What you have to do:
Pictures stay out; please output the remaining data exactly.

Given material:

+-------+

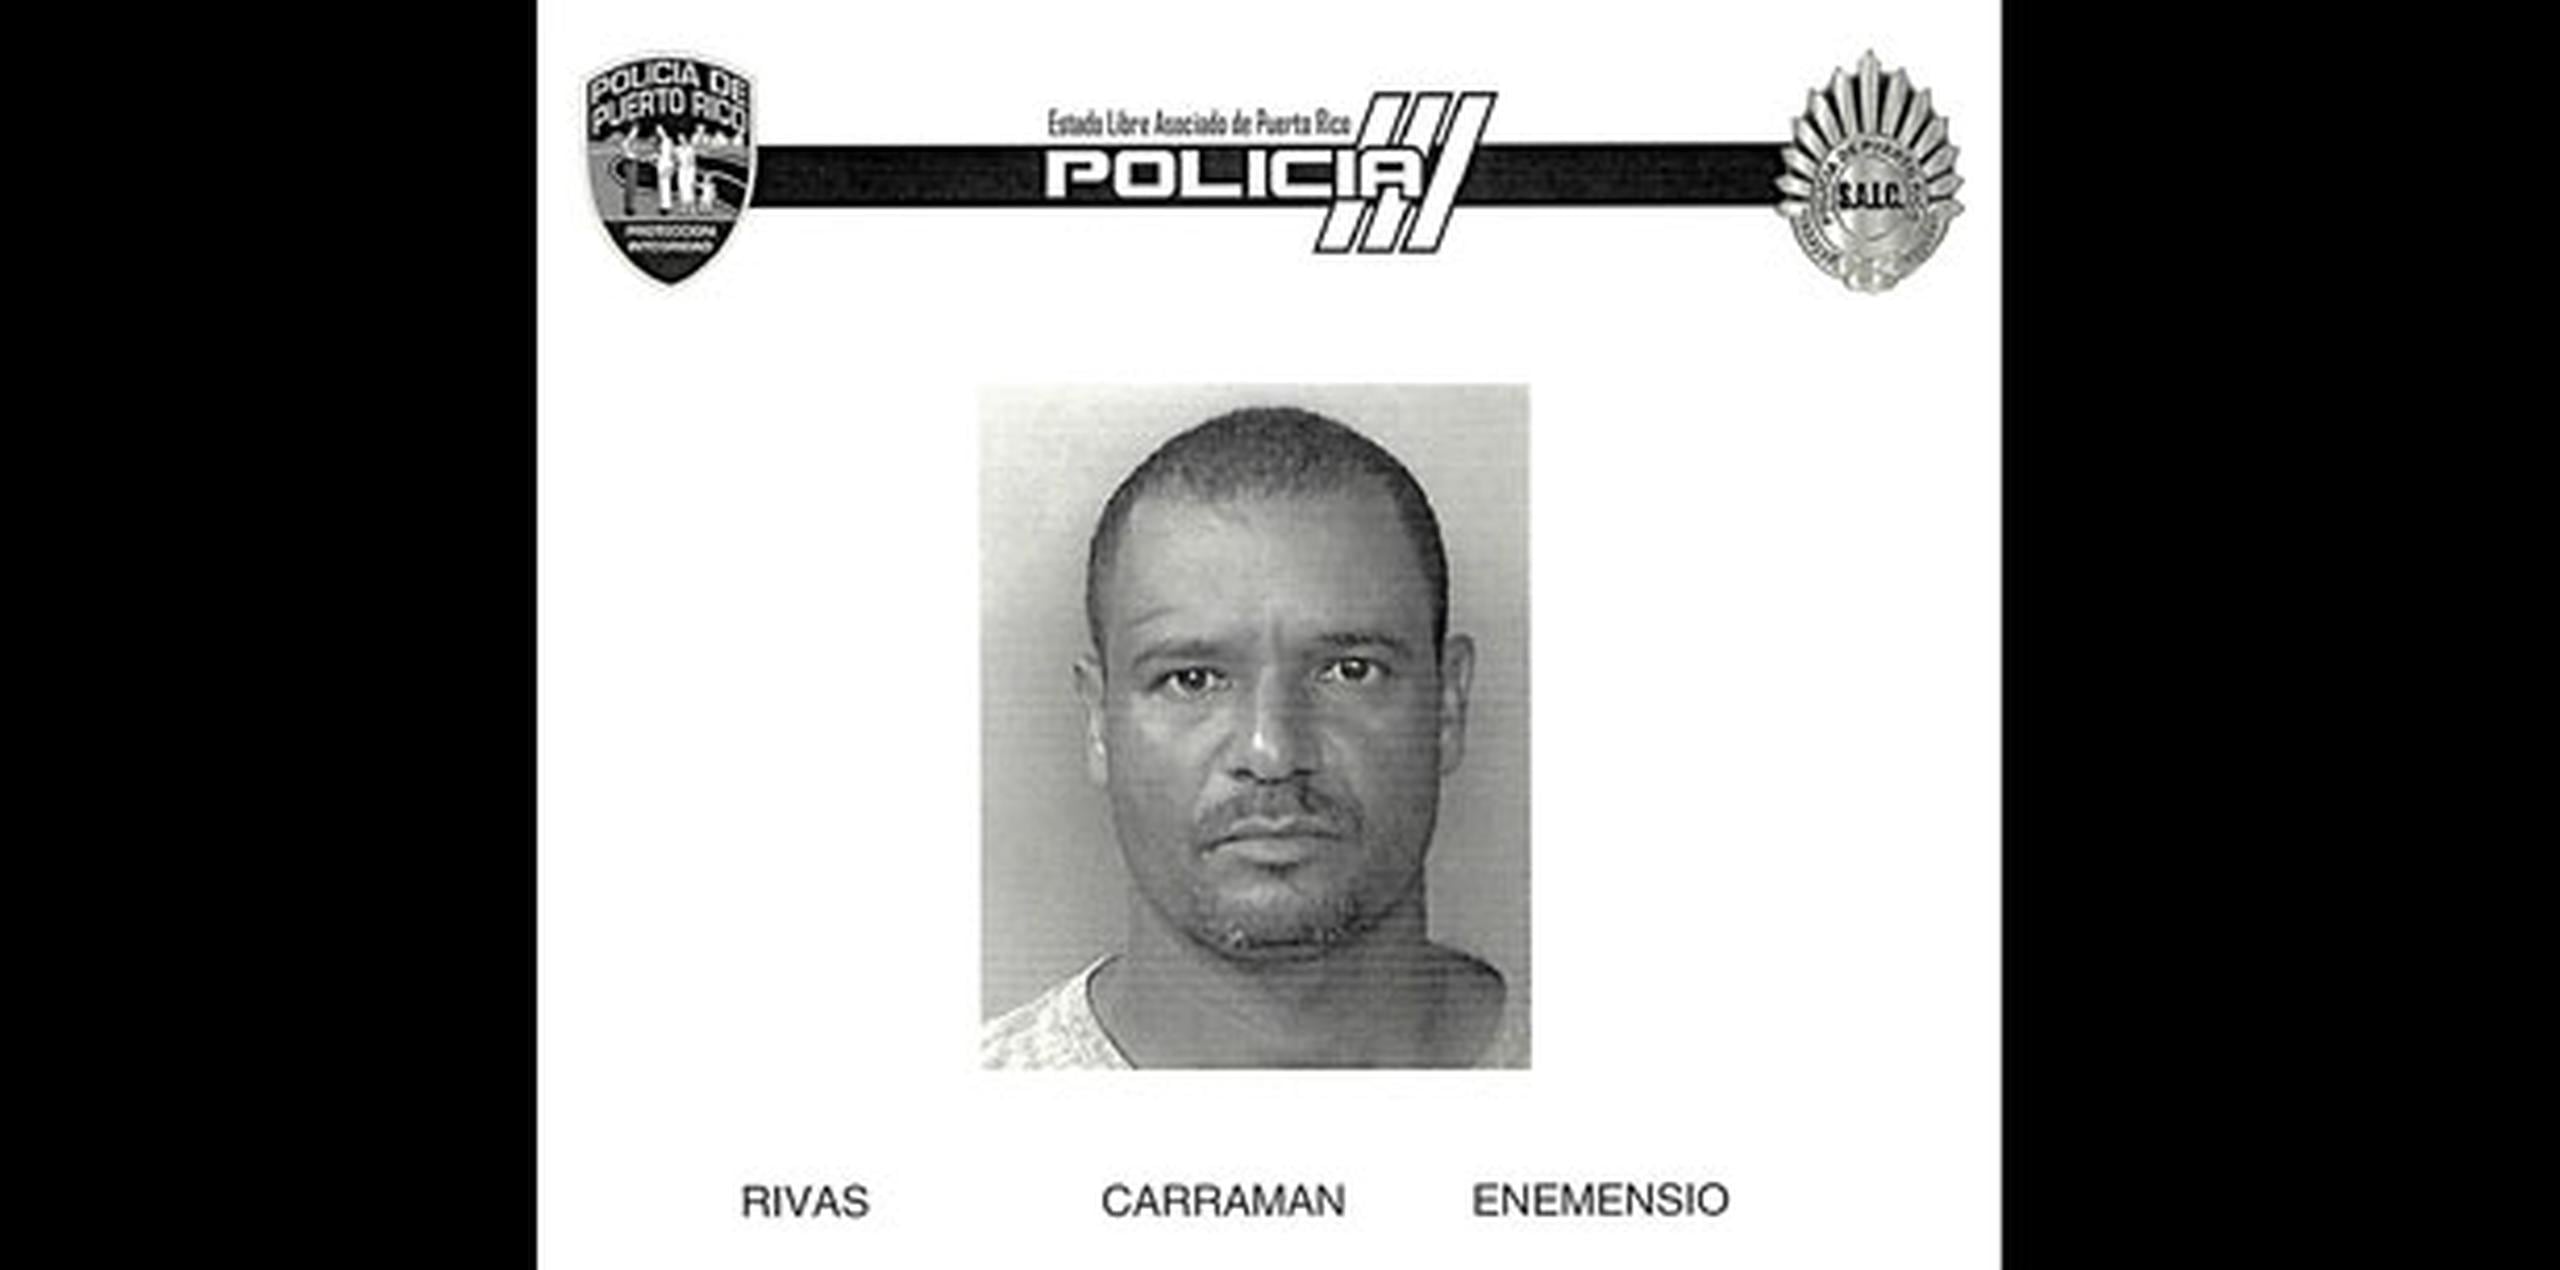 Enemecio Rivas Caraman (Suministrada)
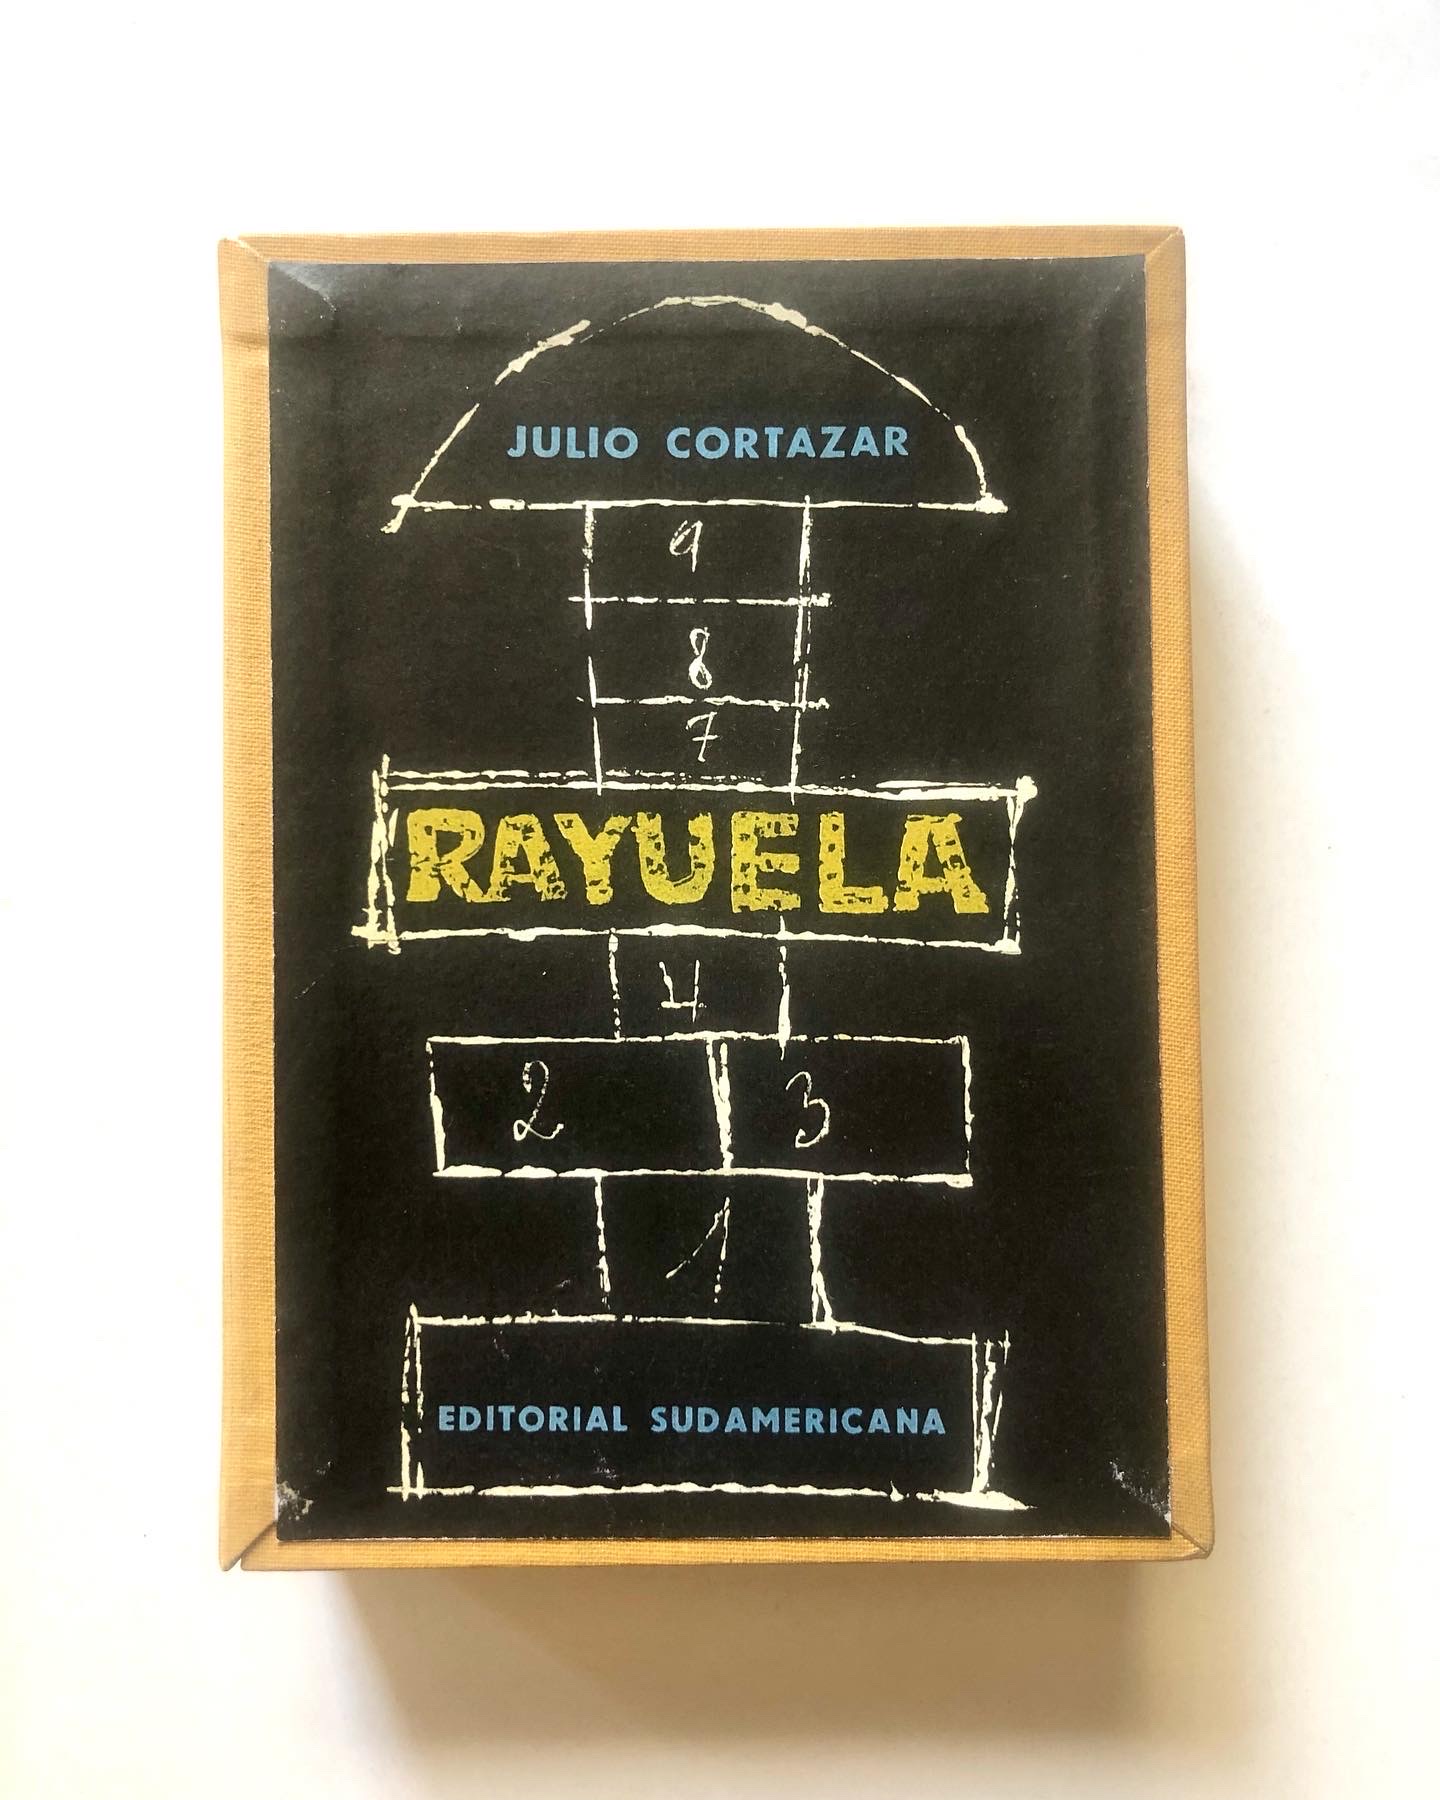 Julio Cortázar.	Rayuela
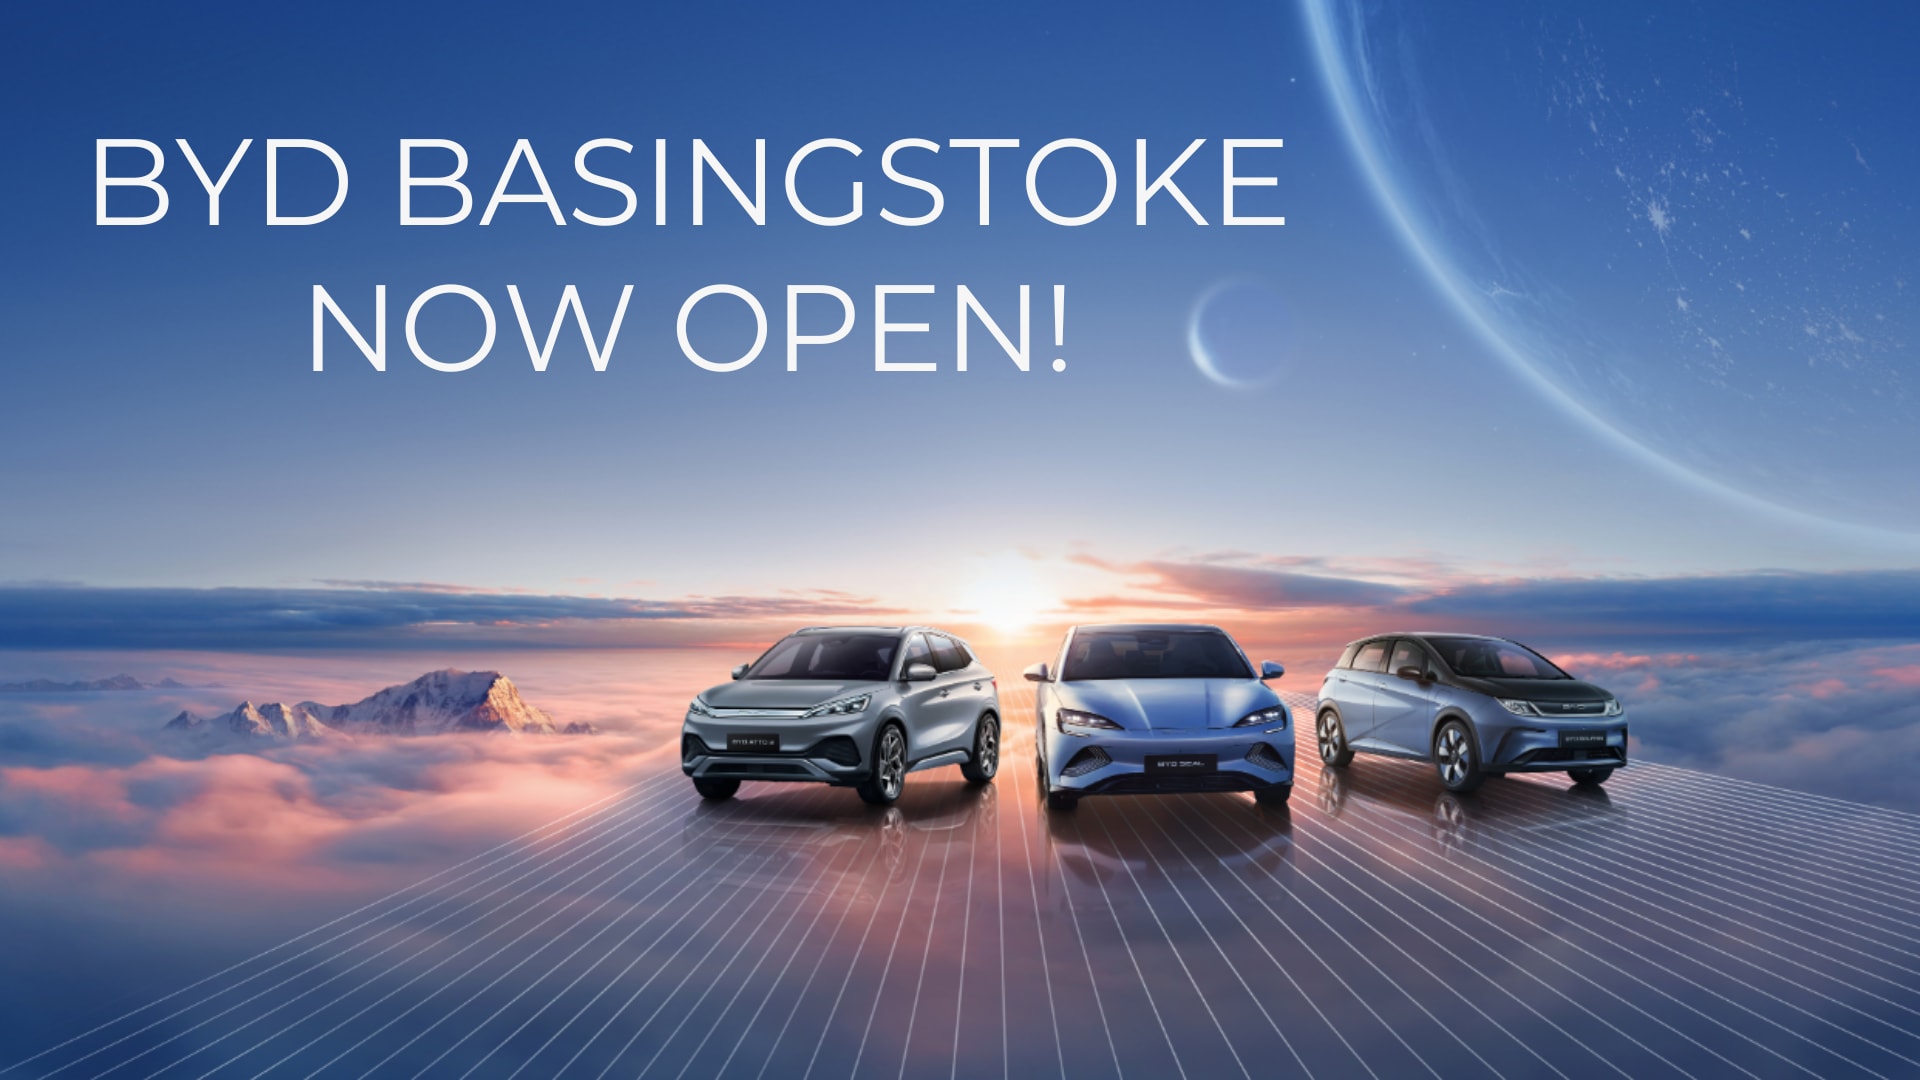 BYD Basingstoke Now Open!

+-------+

Solution to this task:
 Enemecio Rivas Caraman (Suministrada)
 Julio Cortázar.	Rayuela
 BYD Basingstoke Now Open!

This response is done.